## [What the task requires]
From the entries below, write out exactly the lines between the line holding "bicicleta preta na" and the line holding "Ministro de la", inclusive, excluding any pictures.

## [Material for the task]

- Opening Delimiter -

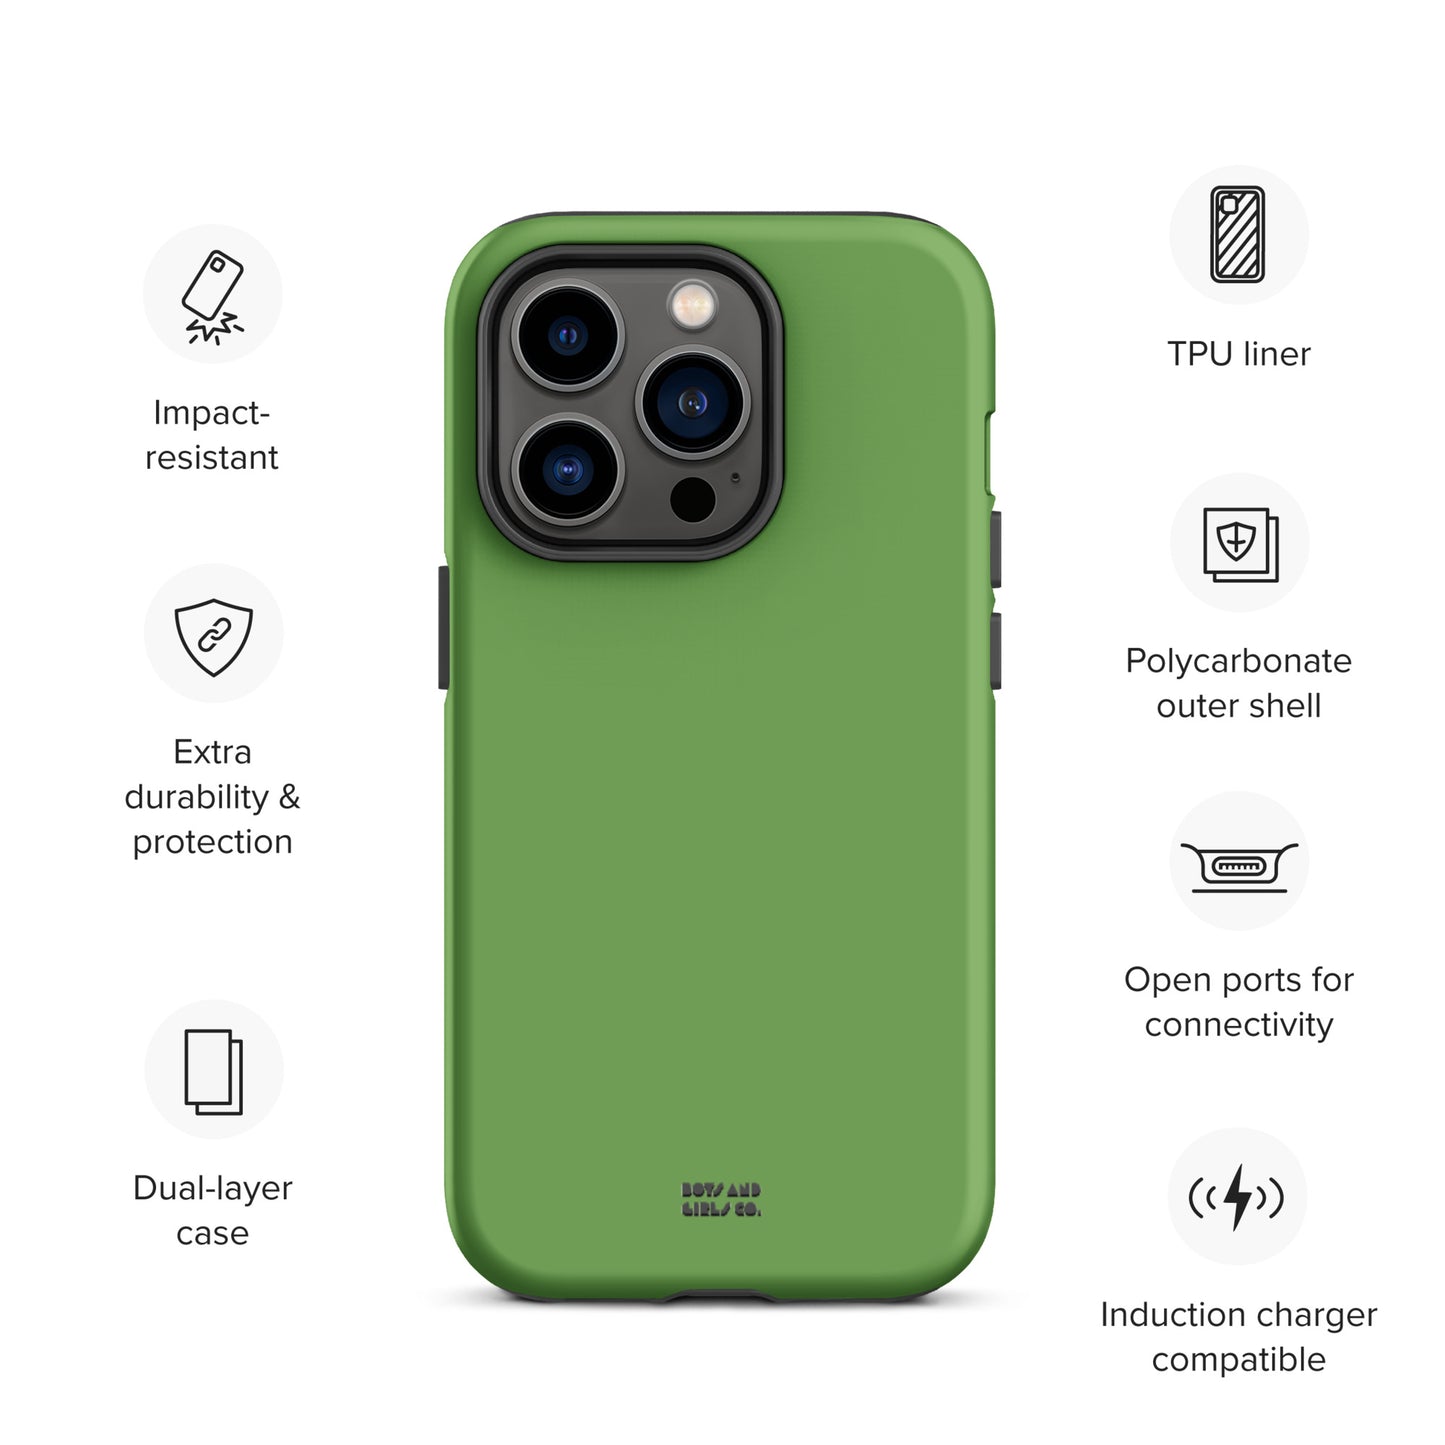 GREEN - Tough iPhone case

- Closing Delimiter -
- Opening Delimiter -

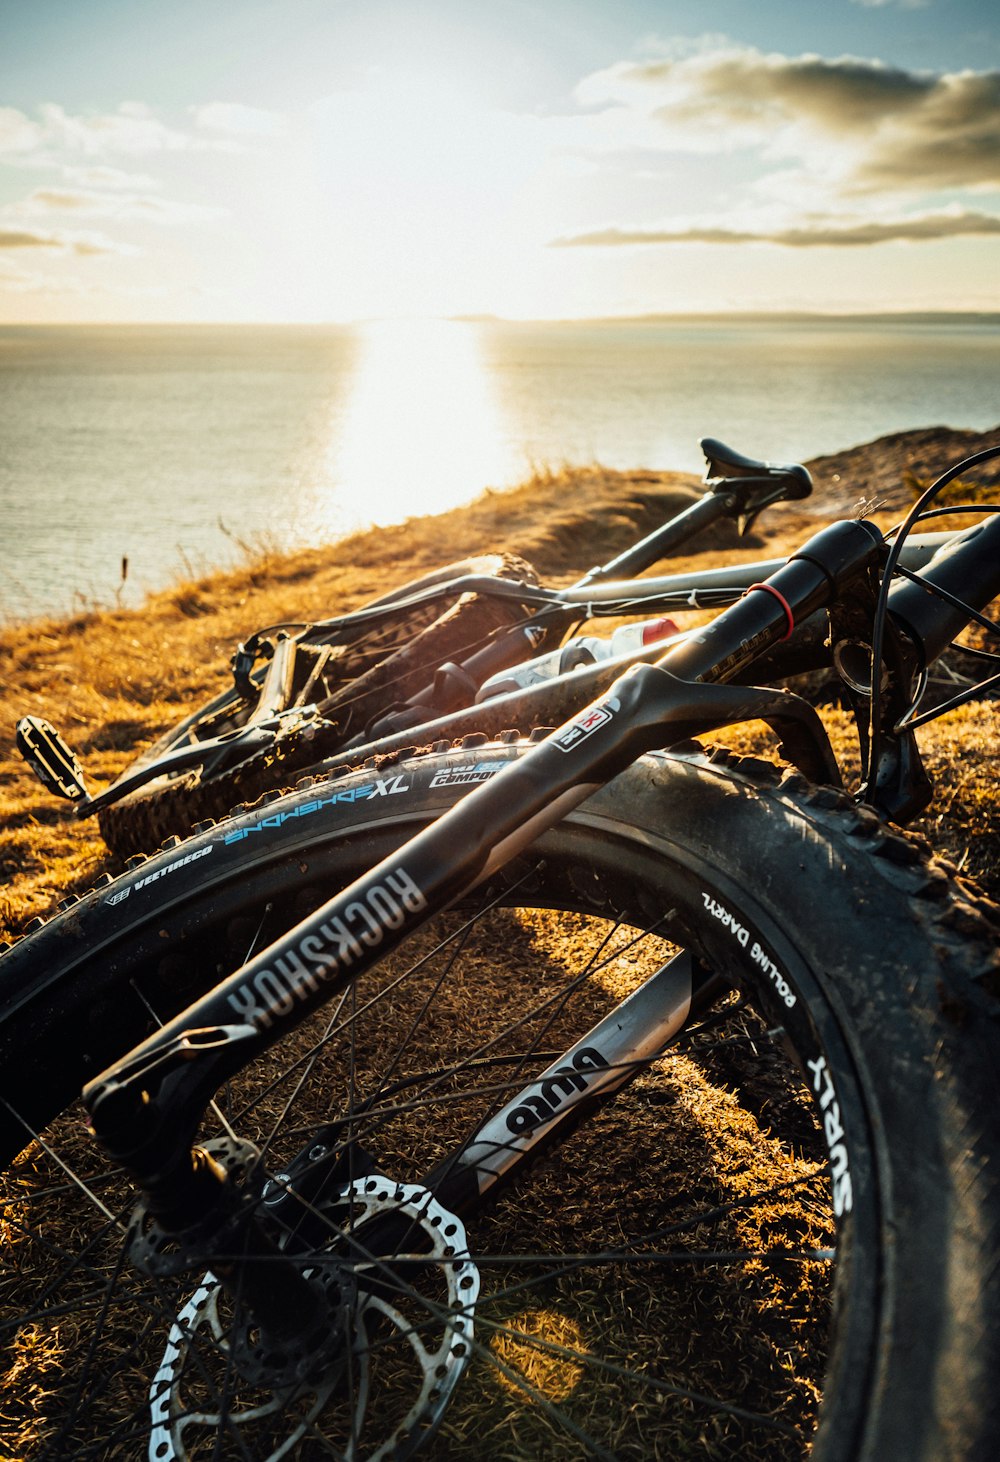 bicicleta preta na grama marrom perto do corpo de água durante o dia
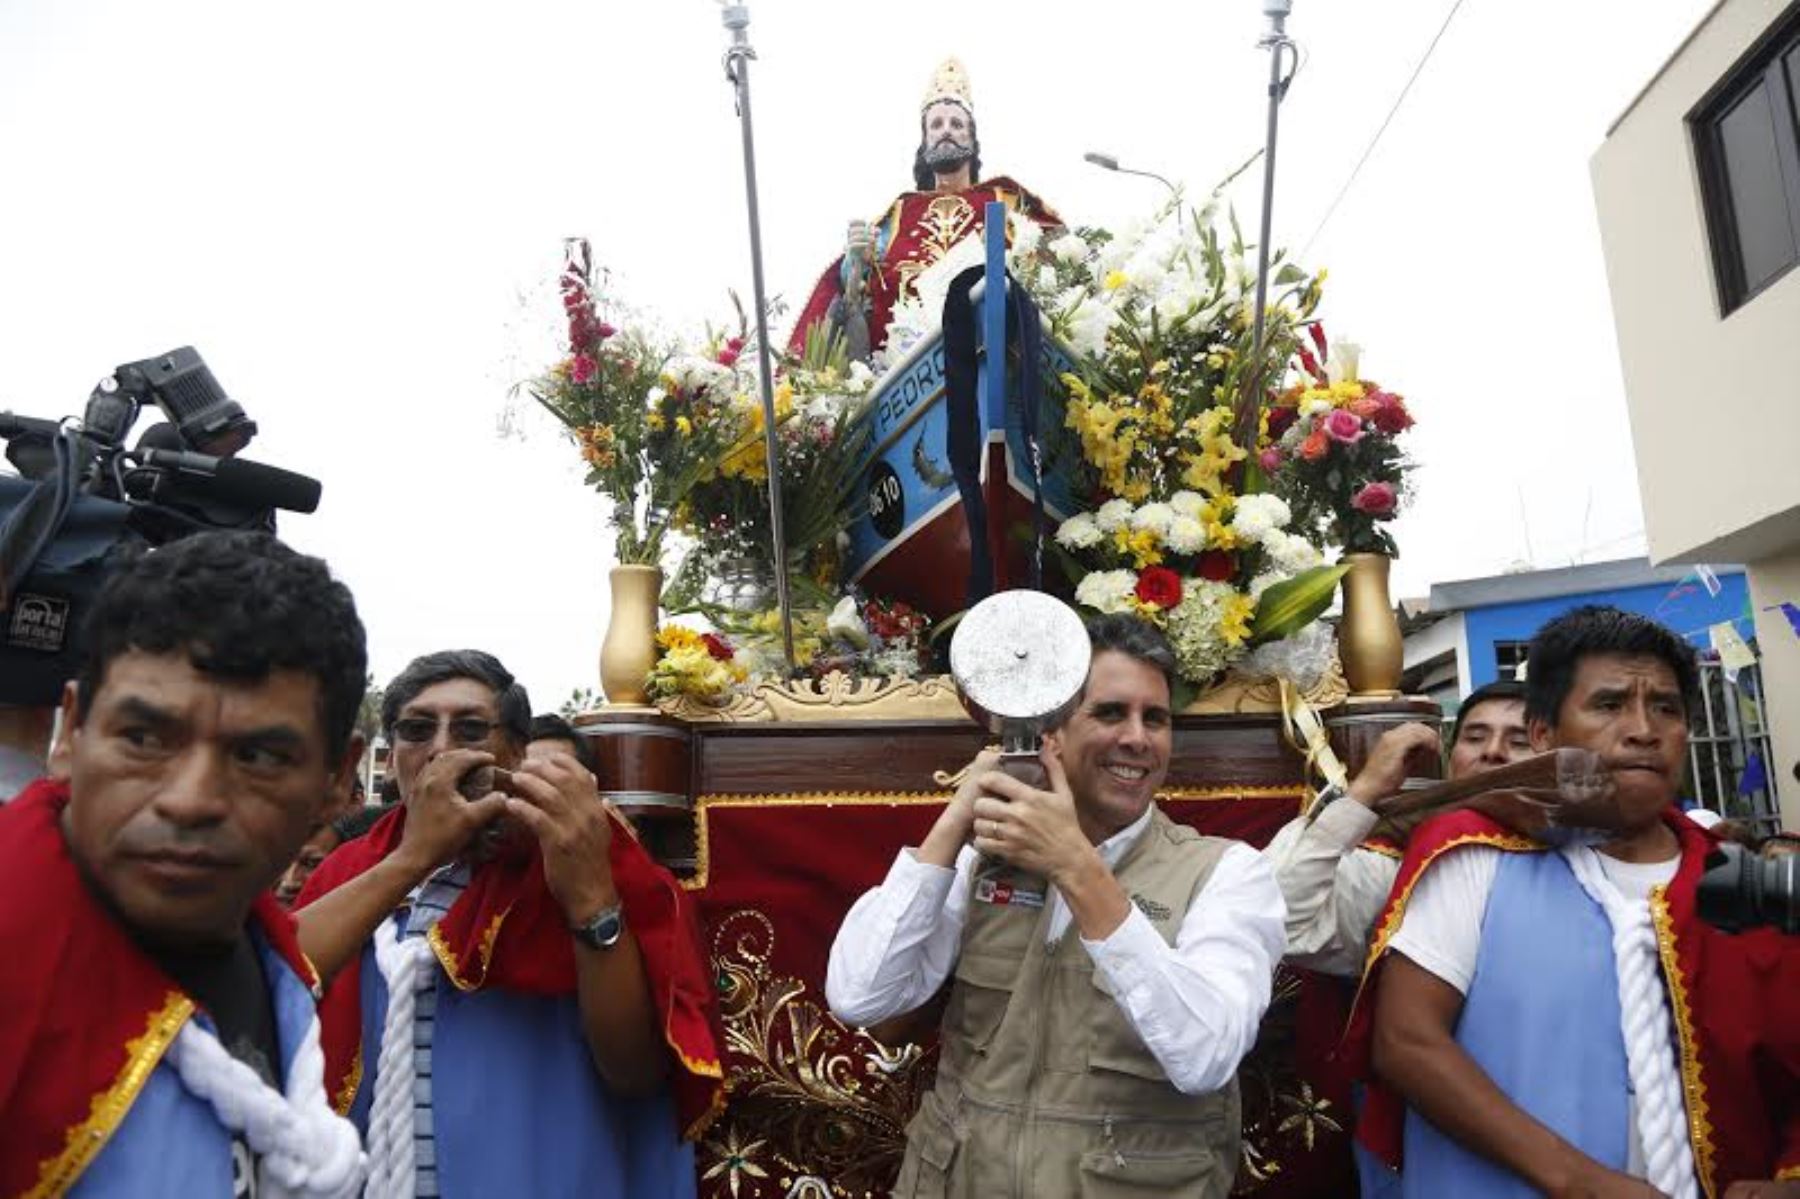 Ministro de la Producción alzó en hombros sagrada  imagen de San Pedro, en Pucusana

- Closing Delimiter -

## [Answer to the problem]
 bicicleta preta na grama marrom perto do corpo de água durante o dia
 Ministro de la Producción alzó en hombros sagrada  imagen de San Pedro, en Pucusana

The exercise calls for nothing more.